A $160 million loan made by a real-estate investment trust in 2015 was secured by 40 Wall Street, one of Donald Trump’s most valuable Manhattan properties. The loan was packaged with other real-estate debts and sold to investors.

A $160 million loan made by a real-estate investment trust in 2015 was secured by 40 Wall Street, one of Donald Trump’s most valuable Manhattan properties. The loan was packaged with other real-estate debts and sold to investors. Photo: Bloomberg News

That uncertainty—compounded by Mr. Trump’s decision to break with decades of precedent by declining to release his tax returns—makes it impossible to gauge the full extent of potential conflicts.

Mr. Trump’s business consists chiefly of real-estate assets and units that manage hotels and condo towers, rolled up in an umbrella company called the Trump Organization, which he owns.

Last May, Mr. Trump filed a financial-disclosure form with the Federal Election Commission that listed 16 loans worth $315 million that his businesses had received from 10 companies, including Deutsche Bank AG. But that form reported debts only for companies he controls, excluding more than $1.5 billion lent to partnerships that are 30%-owned by him.

Ladder Capital Corp., a New York real-estate investment trust, is listed in the disclosure as financing some of Mr. Trump’s most valuable Manhattan properties. The firm in 2012 lent $100 million secured by Trump Tower, the president-elect’s Fifth Avenue headquarters, and in 2015 lent $160 million secured by 40 Wall Street, named in gold lettering on its art deco walls as “The Trump Building.” Both loans are backed by personal guarantees from Mr. Trump for part of the debt, securities filings show.

Ladder no longer owns any of the $282 million in loans it made to Trump entities, according to securities filings and a person familiar with the matter.

The appearance of potential conflicts is dangerous and seriously exists in this situation.

—Former FEC general counsel Lawrence Noble

The loans were packaged with other real-estate debts and sold to investors via six securitizations handled by Wells Fargo and Deutsche Bank.
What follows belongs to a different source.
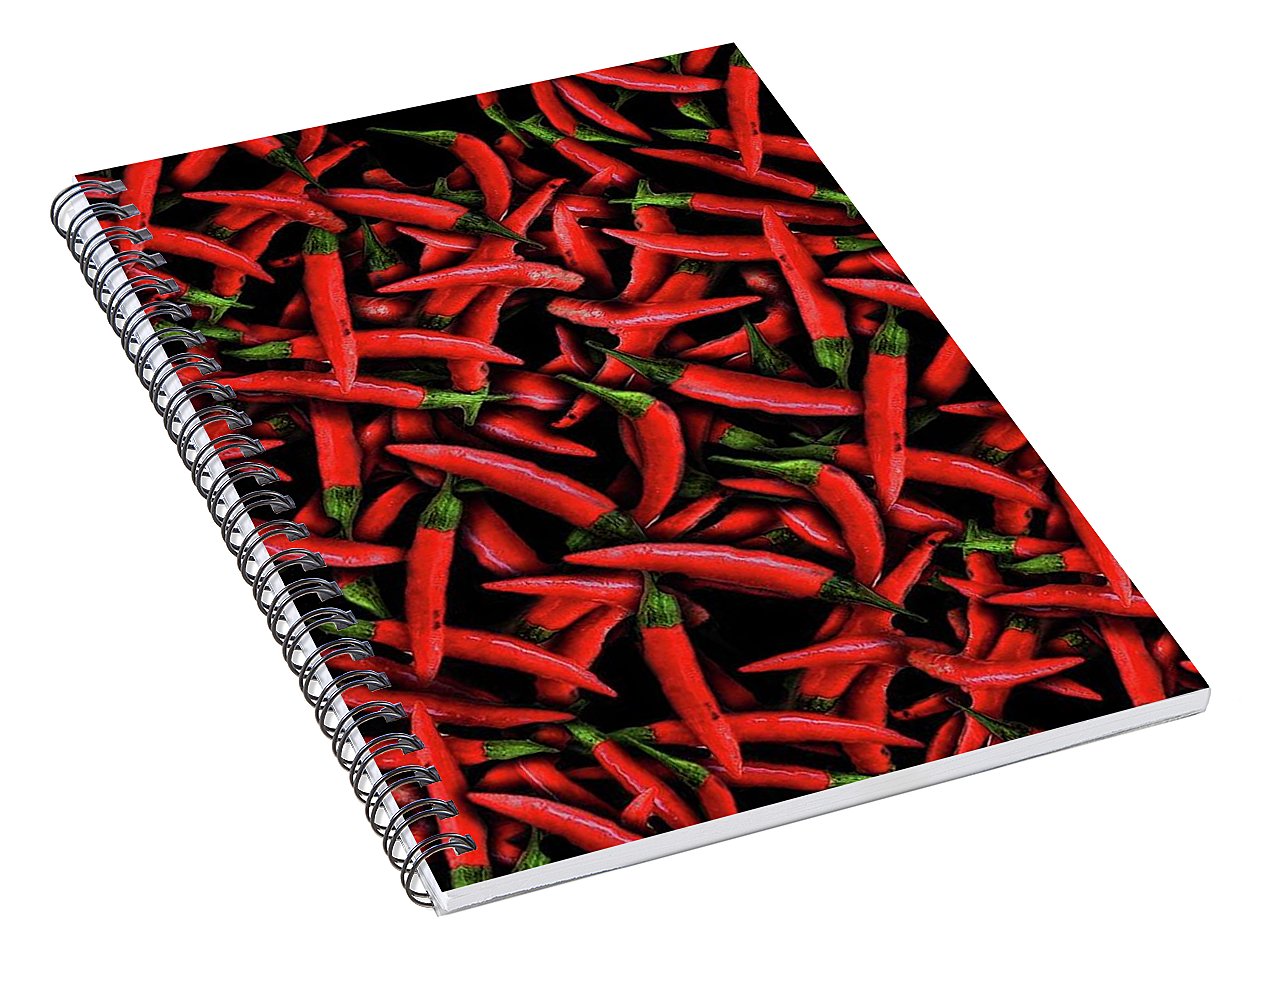 Red Chili Peppers Pattern - Spiral Notebook

The special servicers on the loan pools—who would become involved if the loans defaulted—include units of regional bank  PNC Financial Services Group Inc. and home builder Lennar Corp., according to Trepp LLC, a real-estate data service.
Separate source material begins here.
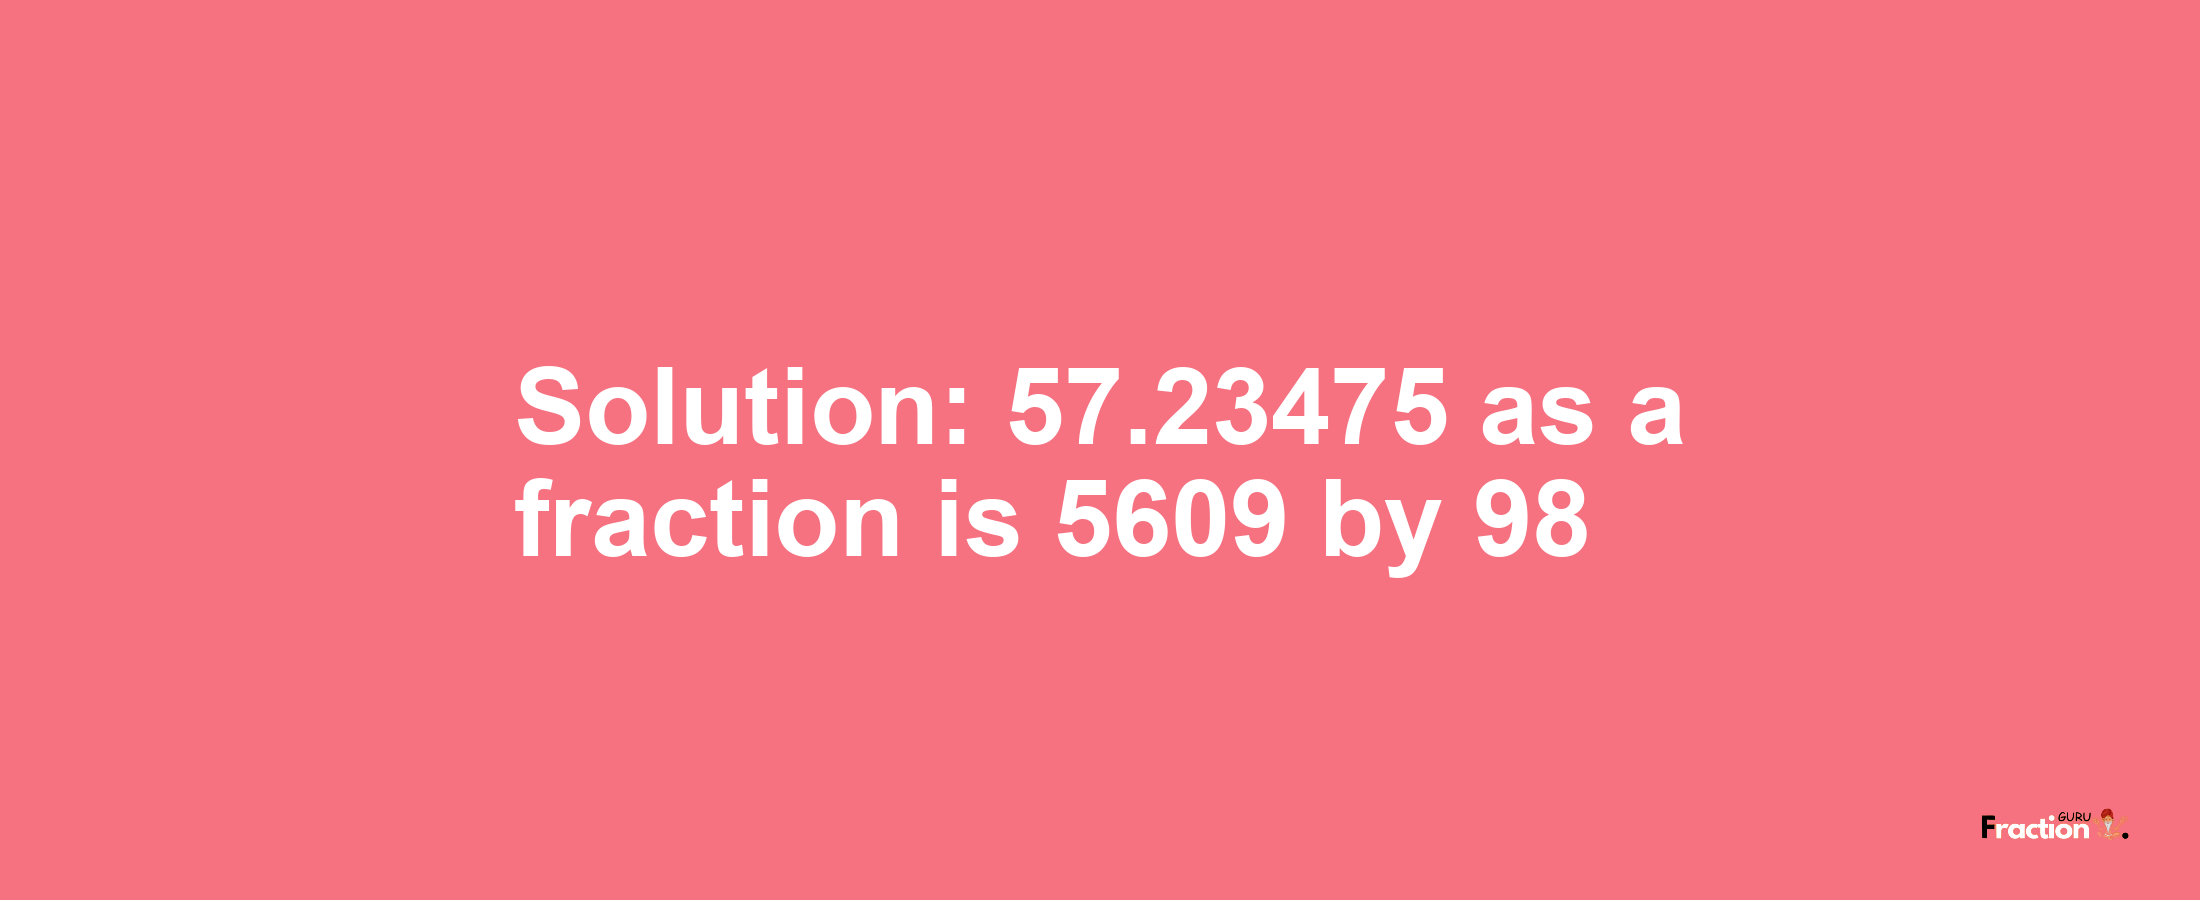 Solution:57.23475 as a fraction is 5609/98

Representatives of those companies declined to comment.

It is impossible to identify all the firms or individuals that now hold Trump businesses’ securitized debt, as these investments often don’t have to be disclosed. Morningstar’s analysis of filings by mutual funds found 151 that own parts of the pooled debt.

The loans on entities that are part-owned by Mr. Trump’s businesses are also controlled by financial institutions with big stakes in the president-elect’s agenda.

MetLife Inc., for example, has a $300 million loan to the limited liability company that owns 555 California Street, a 52-story San Francisco skyscraper. That LLC is in turn owned 30% by Mr. Trump and 70% by Vornado Realty Trust.

MetLife is fighting regulators in court over its designation as a “systemically important financial institution,” a classification that subjects it to stiffer regulations. The government is appealing an initial ruling in MetLife’s favor, and the Trump administration could decide to drop that challenge. The Trump transition team has promised to dismantle the 2010 Dodd-Frank law that created the SIFI label.

A MetLife spokesman declined to comment beyond issues related to its court case.

Deutsche Bank has a total of $340 million in outstanding loans to Trump entities, including a $170 million line of credit on his recently opened Washington hotel, according to property and securities filings. The German bank also is one of four firms—along with UBS Group AG, Goldman Sachs Group Inc. and Bank of China—that in 2012 agreed to lend $950 million to the companies that own 1290 Avenue of the Americas, a New York skyscraper near Rockefeller Center. Those companies are controlled by a partnership that is 30% owned by Mr. Trump.

The $950 million loan was securitized in 2012 in a deal led by Deutsche. Wells Fargo is the special servicer for the securitized debt.